Rethinking the Role of PPO in RLHF
The process of Reinforcement Learning with Human Feedback (RLHF) utilises a dominant RL optimizer called Proximal Policy Optimization (PPO), an important component of the training behind powerful virtual assistants such as GPT-4, Claude-2, Bard, and Bing Chat. However, current RLHF processes exhibit a tension between the reward learning phase, which uses human comparison, and the RL fine-tuning phase, which optimises a non-comparative reward. This discrepancy can amplify problems, especially in language generation.
This article presents an innovative solution called Pairwise Proximal Policy Optimization (P3O) that addresses this issue. P3O harmonises training at both the reward learning and RL fine-tuning stages, allowing RL to operate in a comparative manner.

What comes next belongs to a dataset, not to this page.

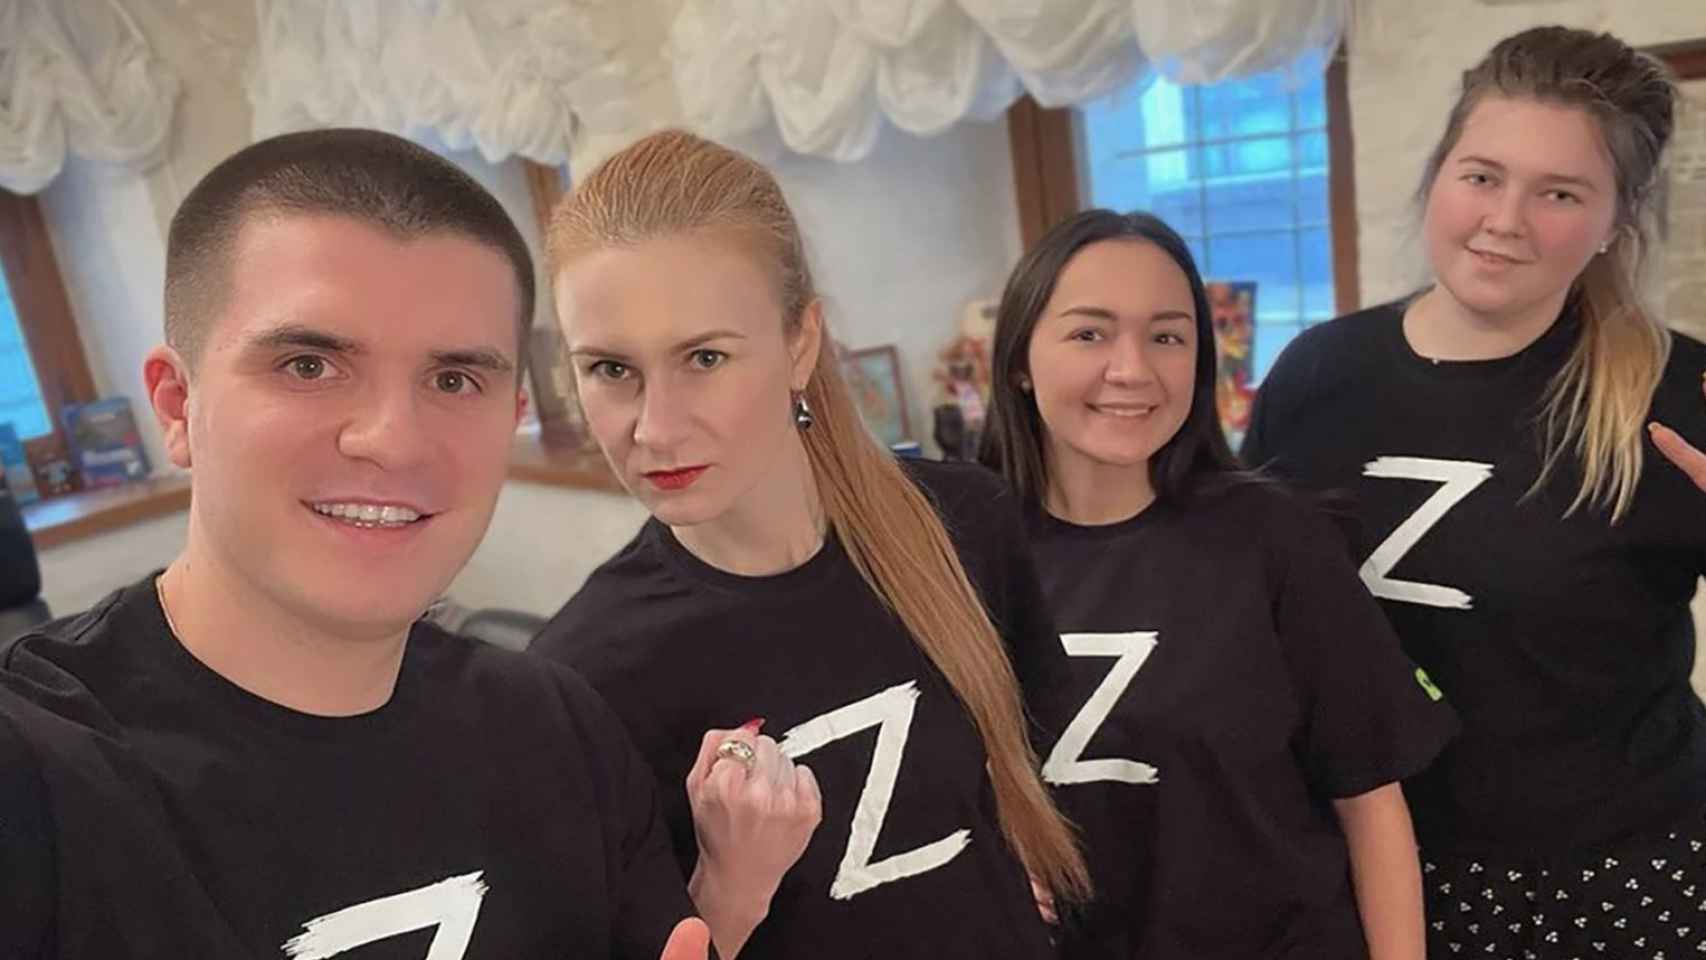 La diputada rusa Maria Butina posa junto a otros compañeros vistiendo una camiseta con la letra 'Z'.

RLHF is a multi-stage process. The Supervised Fine-Tuning Stage involves pre-training a model to mimic human responses using a high-quality dataset. The Reward Modeling Stage prompts the model with prompts to produce pairs of responses. These response pairs form a dataset which is presented to human labellers who express a preference for one answer over another. This comparative feedback trains the reward model. Finally, in the RL Fine-Tuning Stage, the SFT model serves as the basis and an RL algorithm maximises the reward while limiting deviation from the initial policy. However, there is an issue with this process because the reward scale information from a prompt can disrupt the policy, causing it to fail to learn a useful part – the relative preference represented by the reward difference.

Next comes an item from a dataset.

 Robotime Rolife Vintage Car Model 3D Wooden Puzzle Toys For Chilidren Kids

P3O offers a solution by incorporating the Pairwise Policy Gradient which relies on the difference between rewards, bypassing certain issues related to reward translation. This algorithm, enhanced with Importance Sampling and Clipping for performance improvement, is effective not only for maintaining the trade-off between KL divergence and reward but also for alignment with large language models.

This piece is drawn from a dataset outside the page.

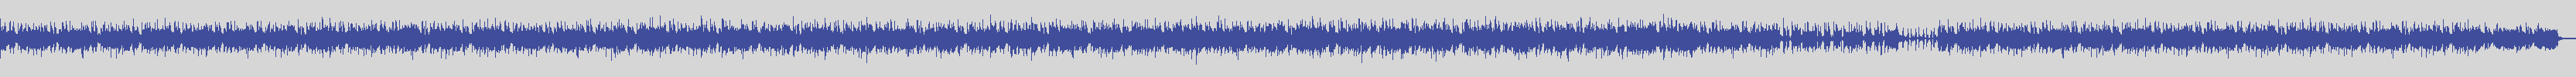 noclouds_chillout [NOC111] Pianissimo - Export Sound [Original Mix] audio wave form

P3O was evaluated through summarisation and question-answering tasks. The results showed that P3O outperformed PPO and DPO in terms of both the KL-Reward frontier and the GPT-4 win-rate. Therefore, P3O is a more promising method for aligning large language models with human preference.
By presenting the RLHF framework and the P3O method, this article contributes to the crucial work on aligning large language models with human preferences using reinforcement learning. These ground-breaking findings are based on a recent paper and blog titled `Pairwise Proximal Policy Optimization: Harnessing Relative Feedback for LLM Alignment` published in the journal arXiv in 2023.